Task to complete: Without the pictures, retype each line below exactly as it stands.

Dataset extract:
++++++
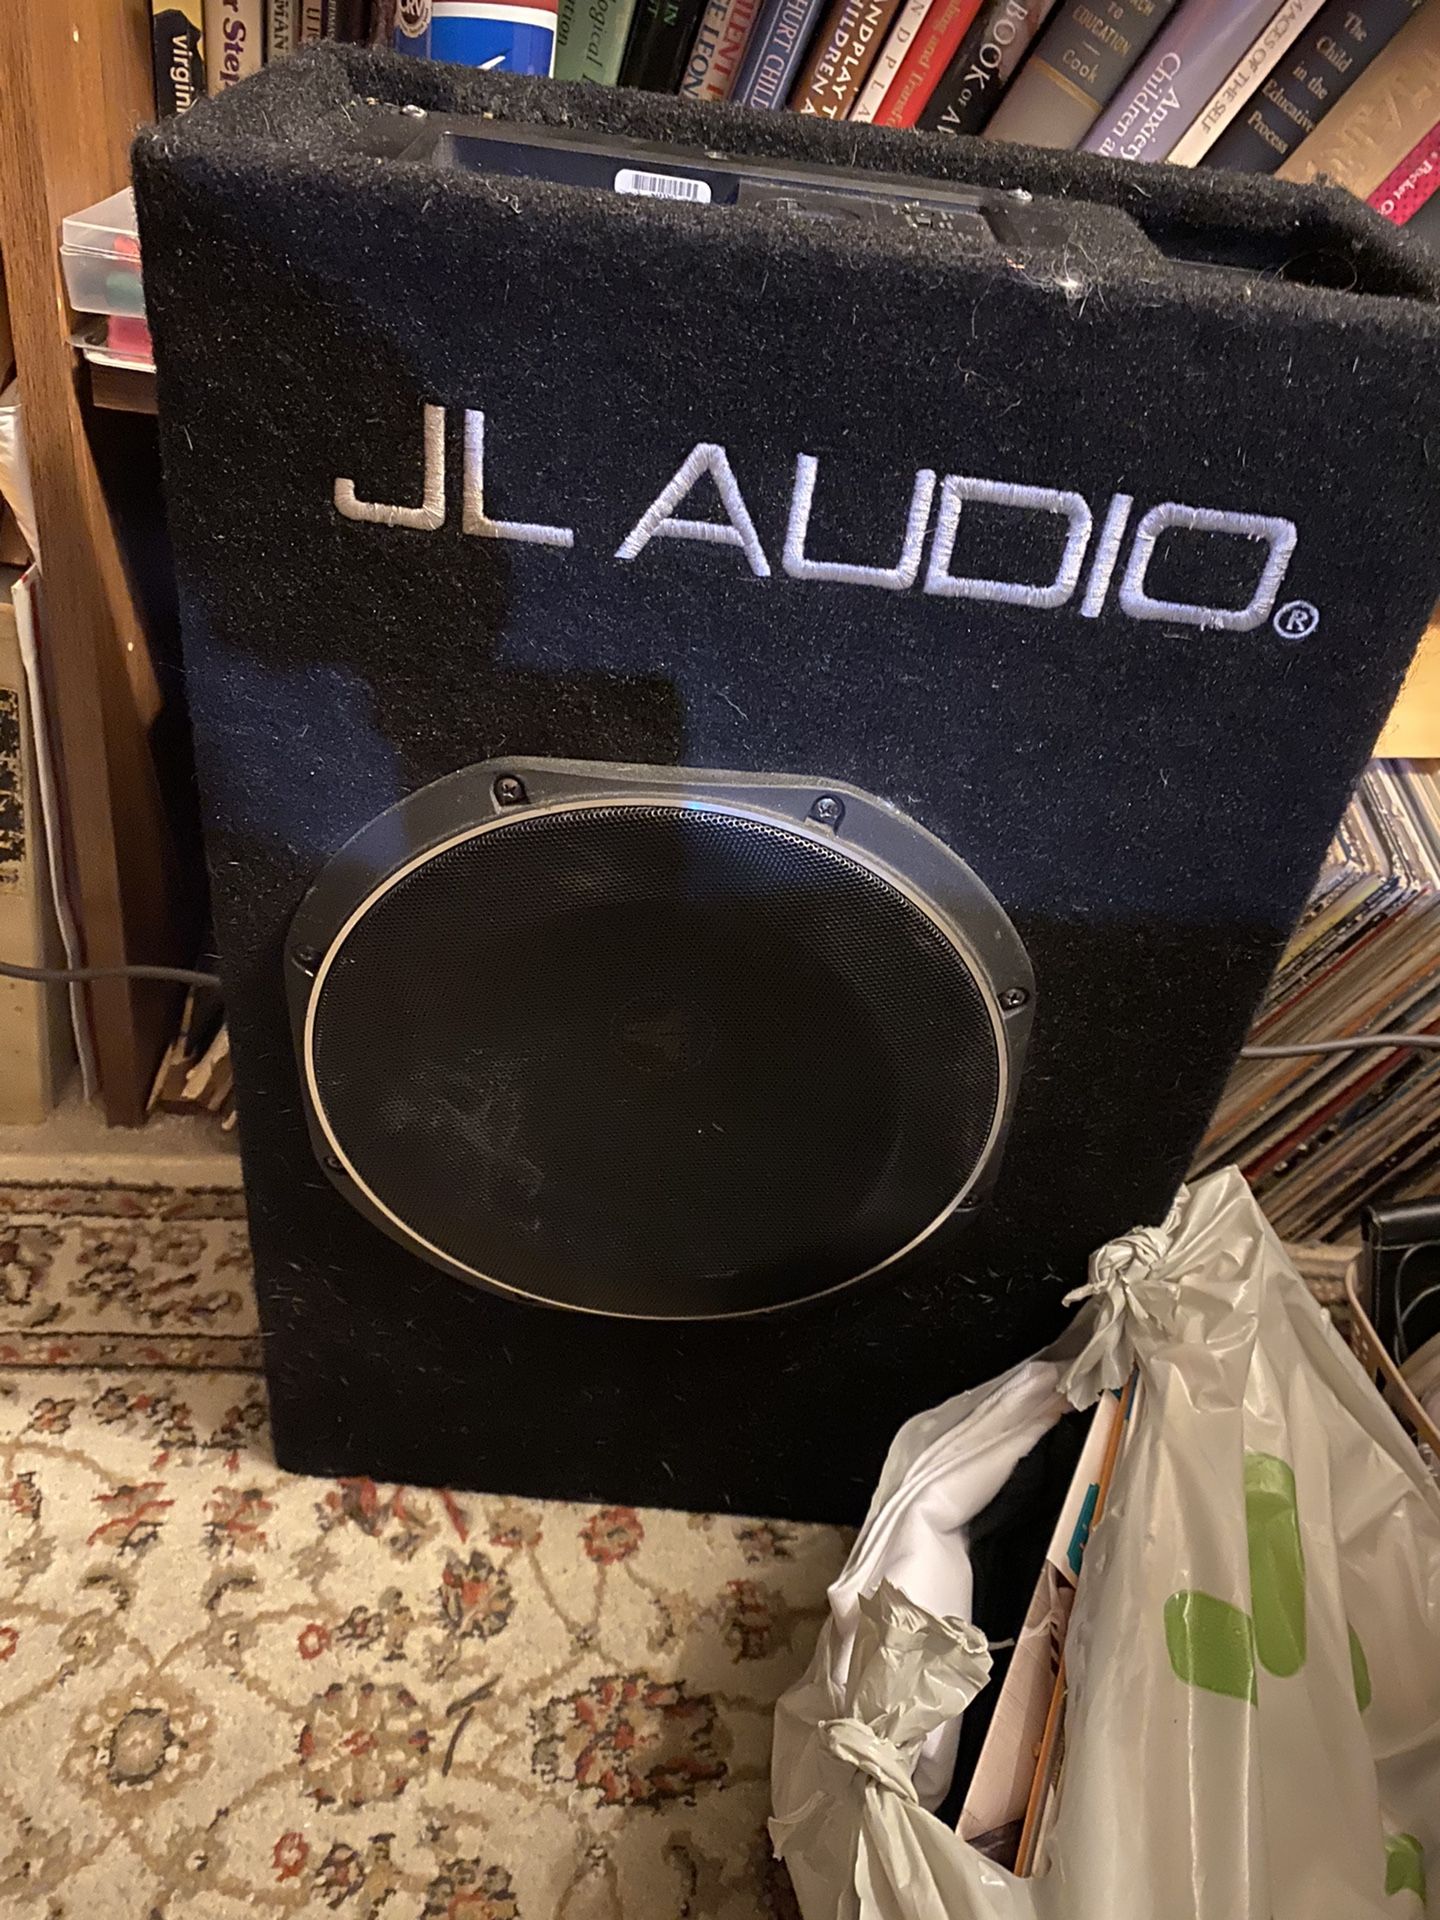 Like New JL Audio 12 Speaker and amp in box.
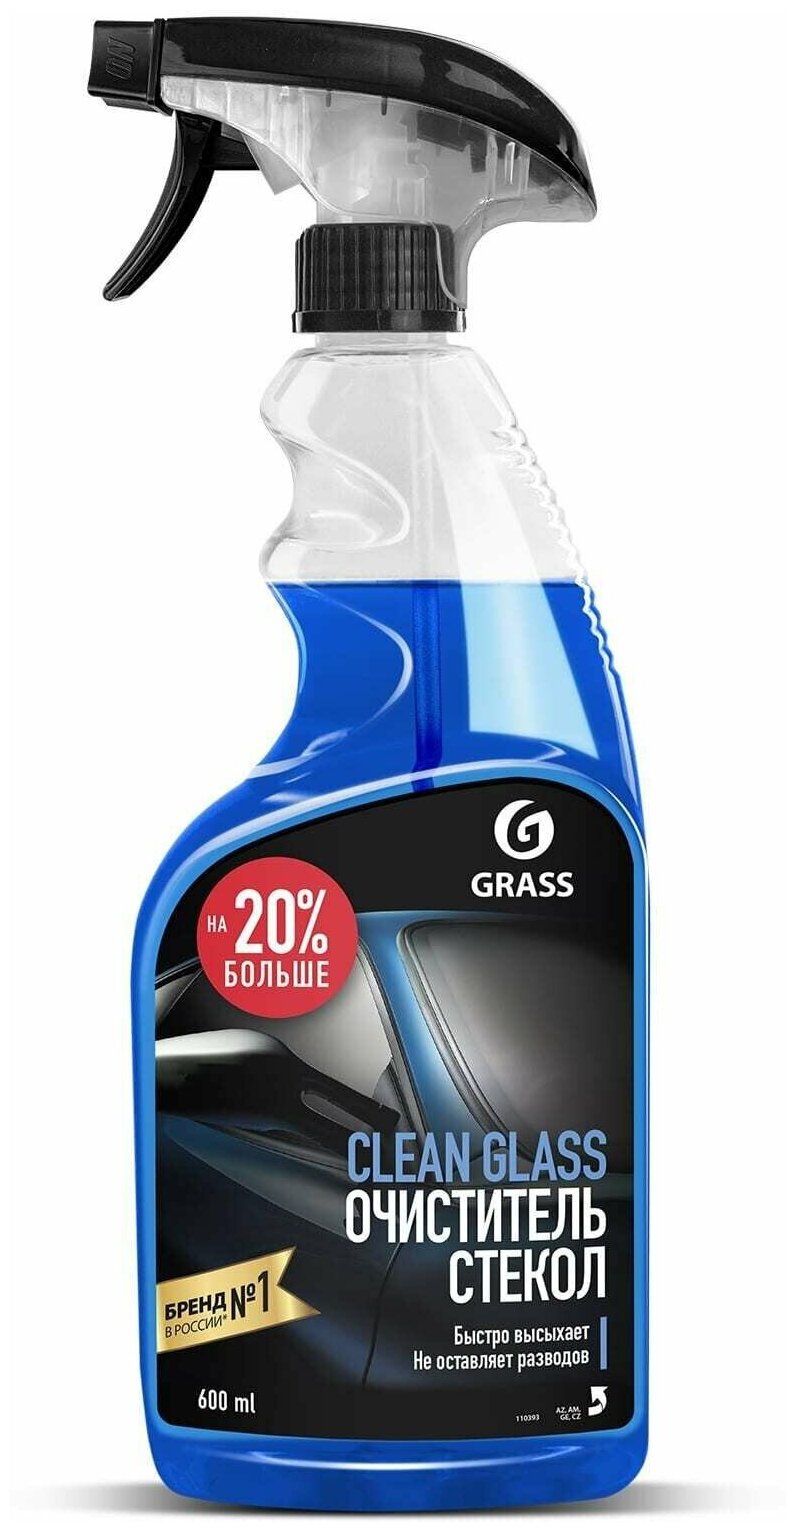 Очиститель стекол и зеркал GRASS Clean glass 600мл триггер
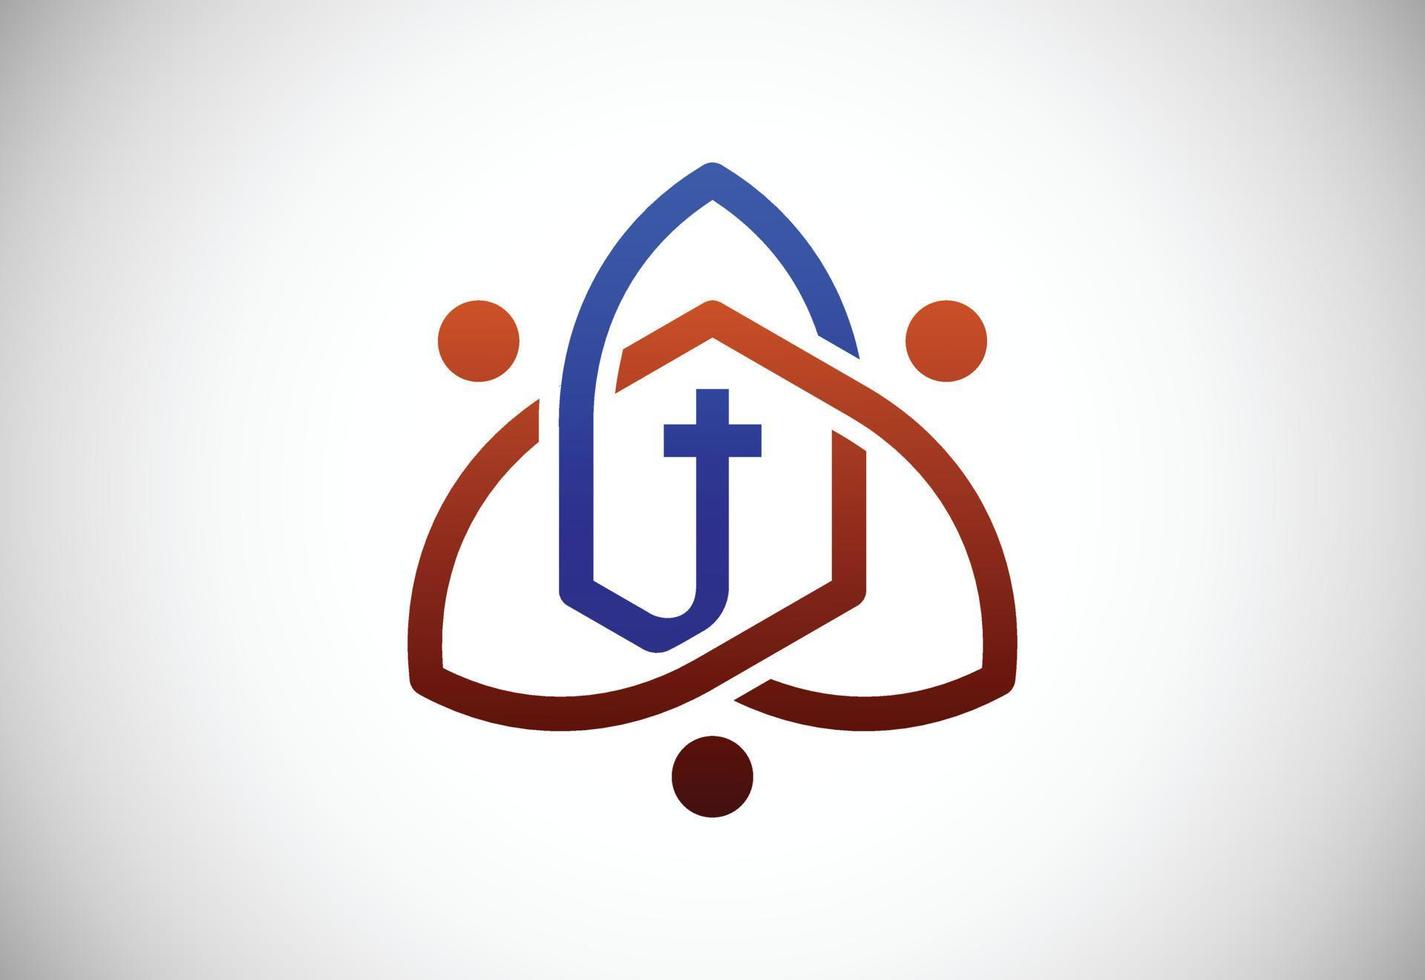 Church logo. Christian sign symbols. The Cross of Jesus vector
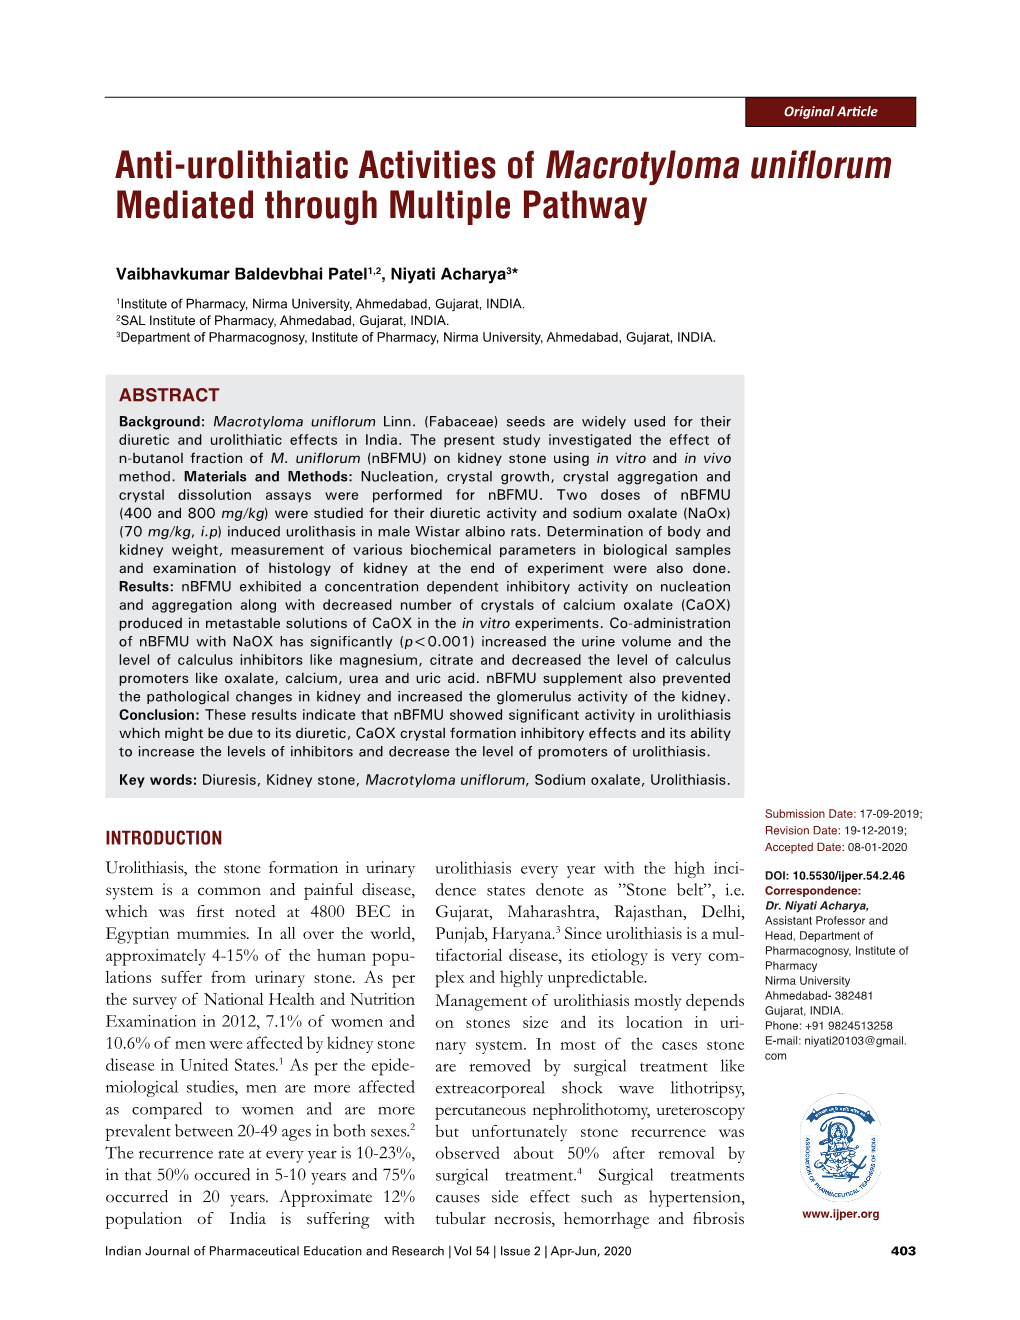 Anti-Urolithiatic Activities of Macrotyloma Uniflorum Mediated Through Multiple Pathway
++++++
Output:
 Like New JL Audio 12 Speaker and amp in box.
 Очиститель стекол и зеркал GRASS Clean glass 600мл триггер
 Church logo. Christian sign symbols. The Cross of Jesus vector
 Anti-Urolithiatic Activities of Macrotyloma Uniflorum Mediated Through Multiple Pathway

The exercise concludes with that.